=== Assigned task ===
The answer is the full listing restated exactly, without any pictures.

=== Available records ===
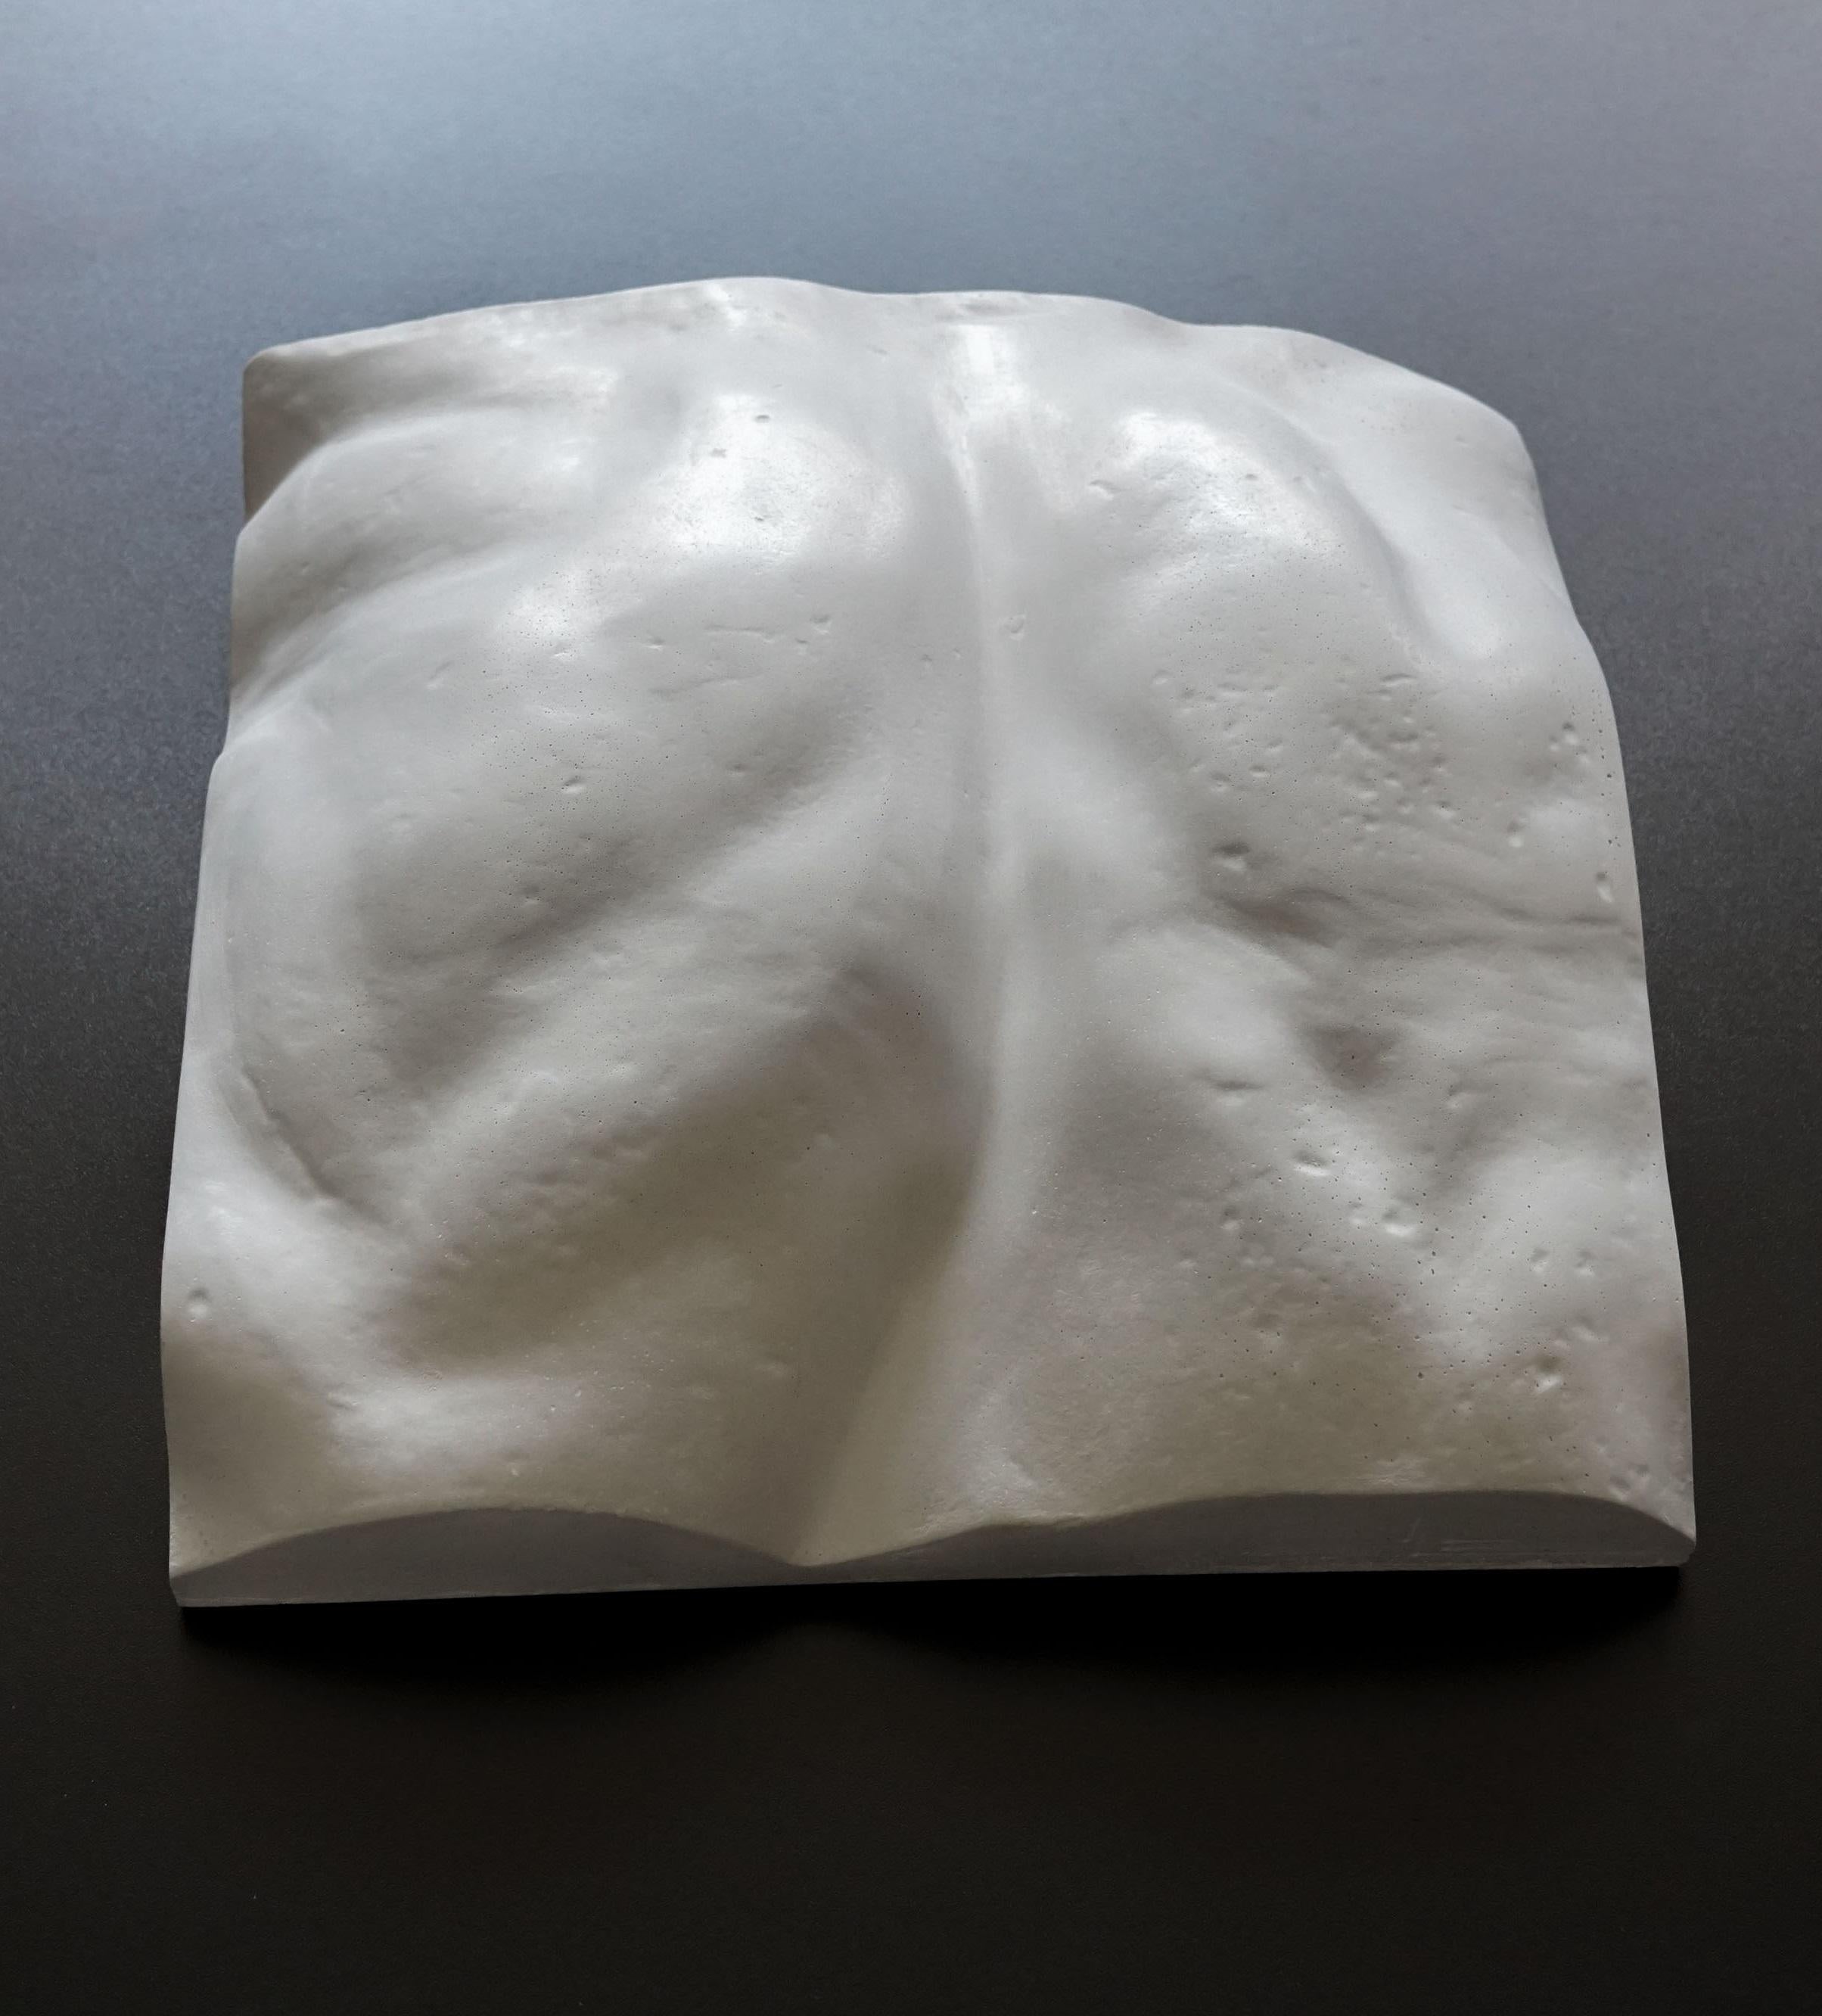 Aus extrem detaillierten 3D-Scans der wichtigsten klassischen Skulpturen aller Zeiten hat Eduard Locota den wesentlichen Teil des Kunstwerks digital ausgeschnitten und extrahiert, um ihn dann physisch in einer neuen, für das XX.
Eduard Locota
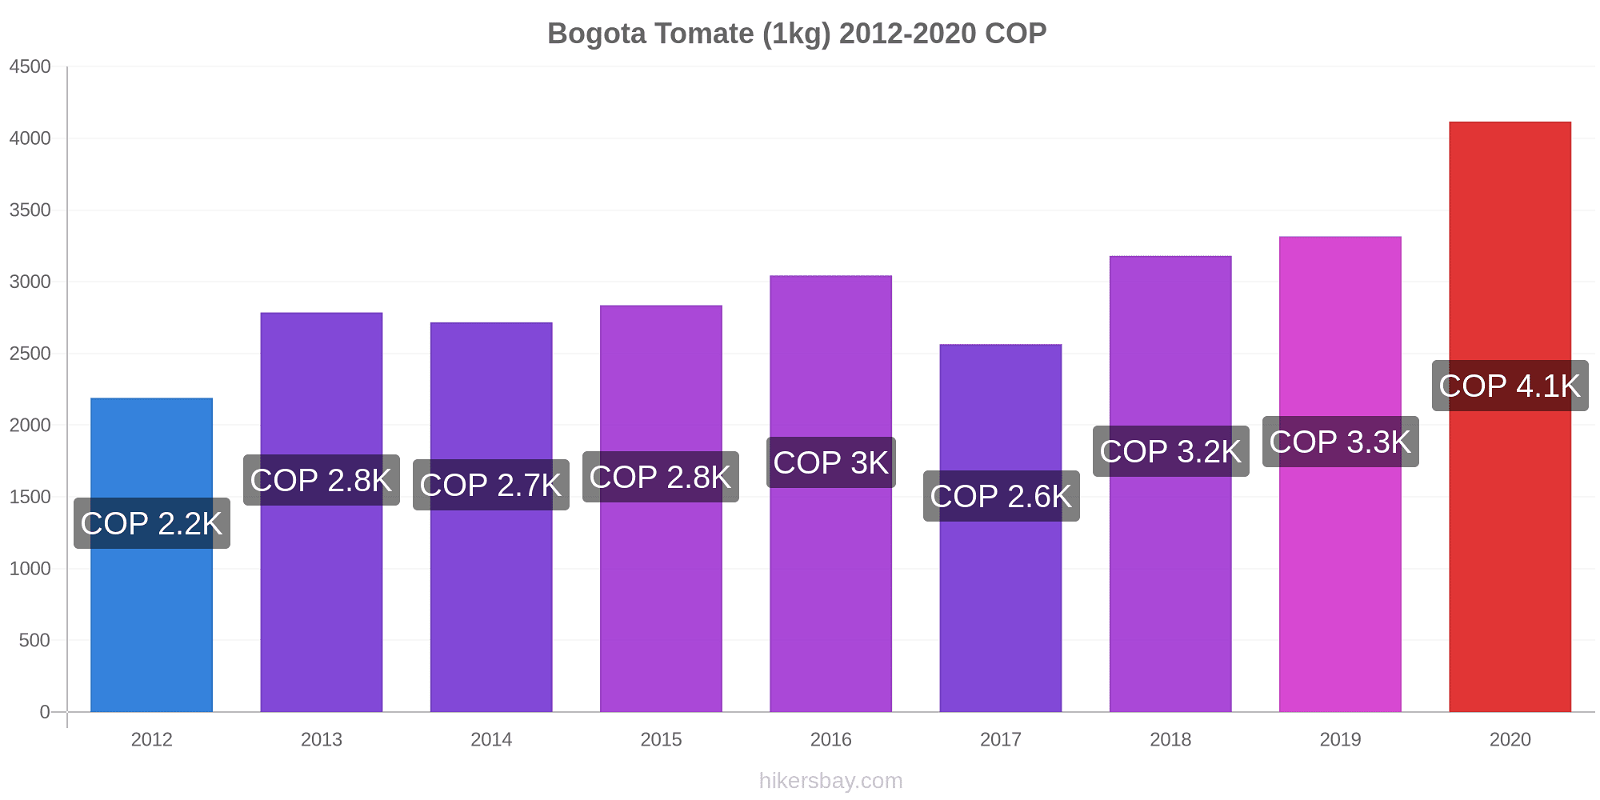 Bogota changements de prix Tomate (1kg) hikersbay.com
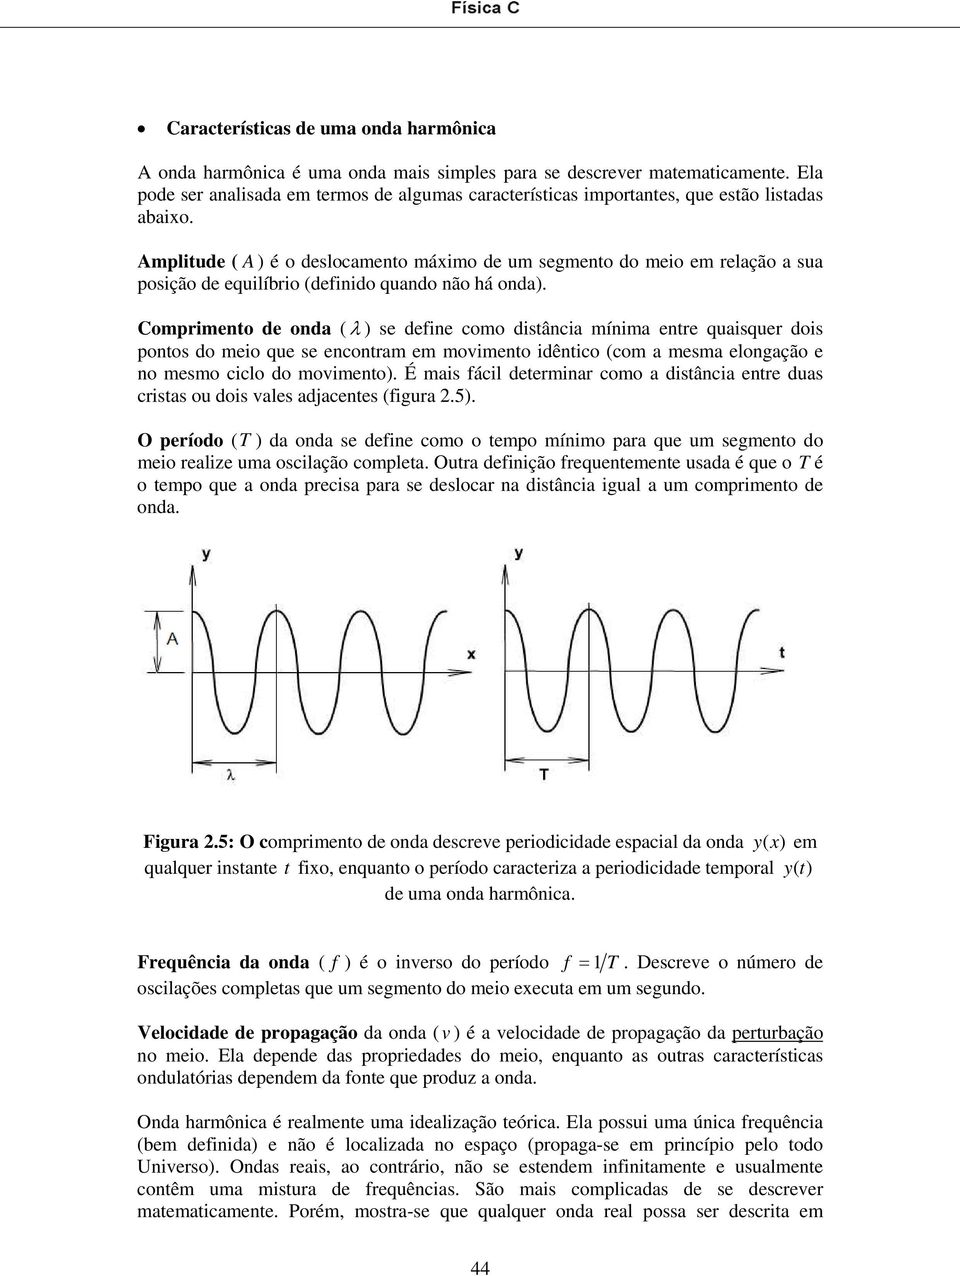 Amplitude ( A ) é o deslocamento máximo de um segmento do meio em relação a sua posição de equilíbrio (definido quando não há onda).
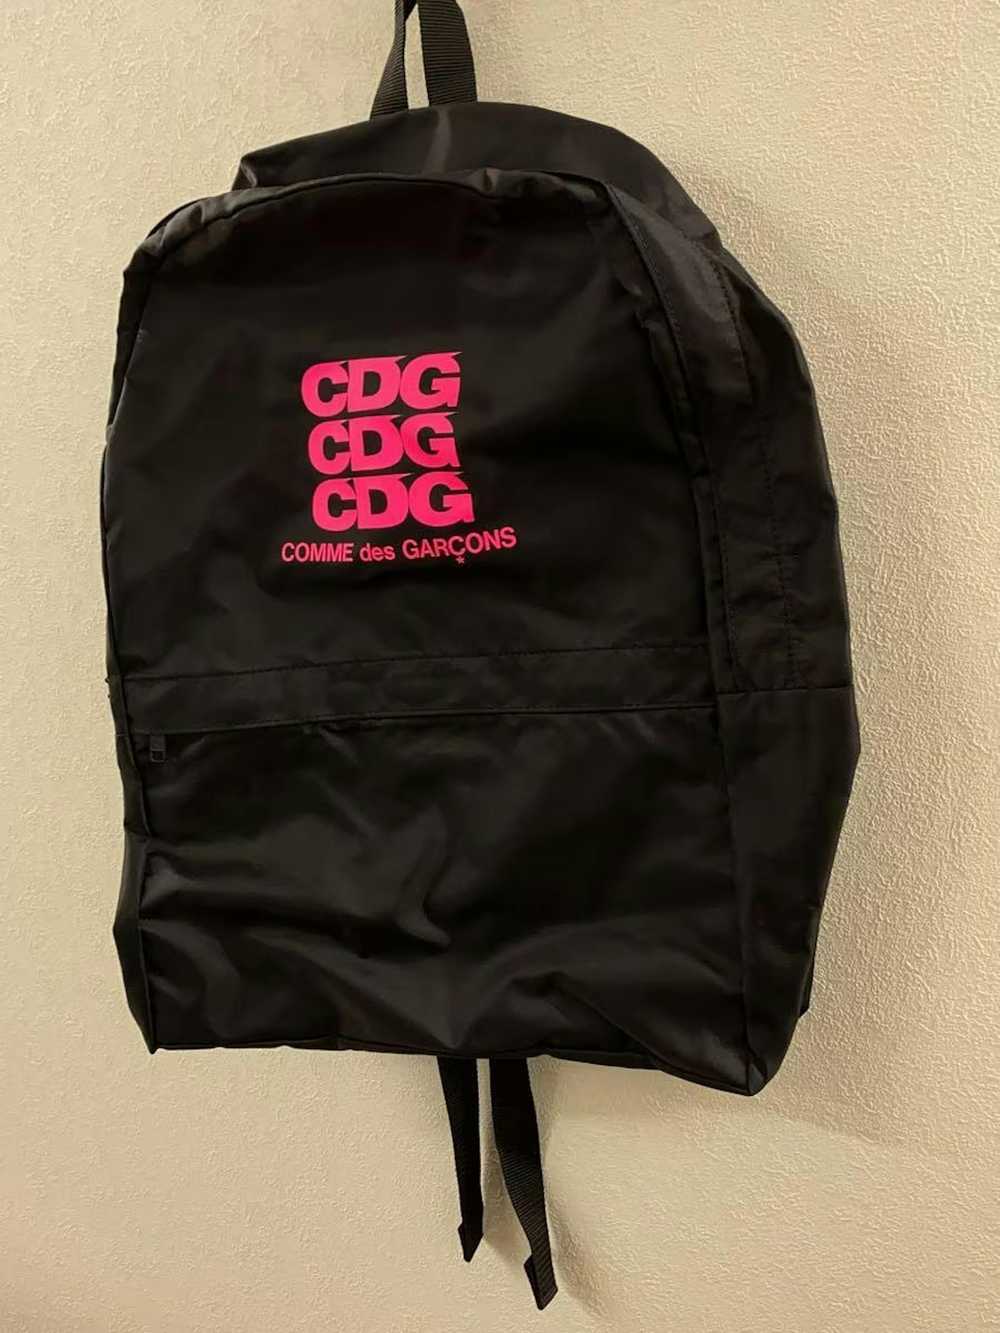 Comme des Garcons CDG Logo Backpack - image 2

=== Expected output ===
 Aus extrem detaillierten 3D-Scans der wichtigsten klassischen Skulpturen aller Zeiten hat Eduard Locota den wesentlichen Teil des Kunstwerks digital ausgeschnitten und extrahiert, um ihn dann physisch in einer neuen, für das XX.
Eduard Locota
 Bogota changements de prix Tomate (1kg) hikersbay.com
 Amplitude ( A ) é o deslocamento máximo de um segmento do meio em relação a sua posição de equilíbrio (definido quando não há onda).
 Comme des Garcons CDG Logo Backpack - image 2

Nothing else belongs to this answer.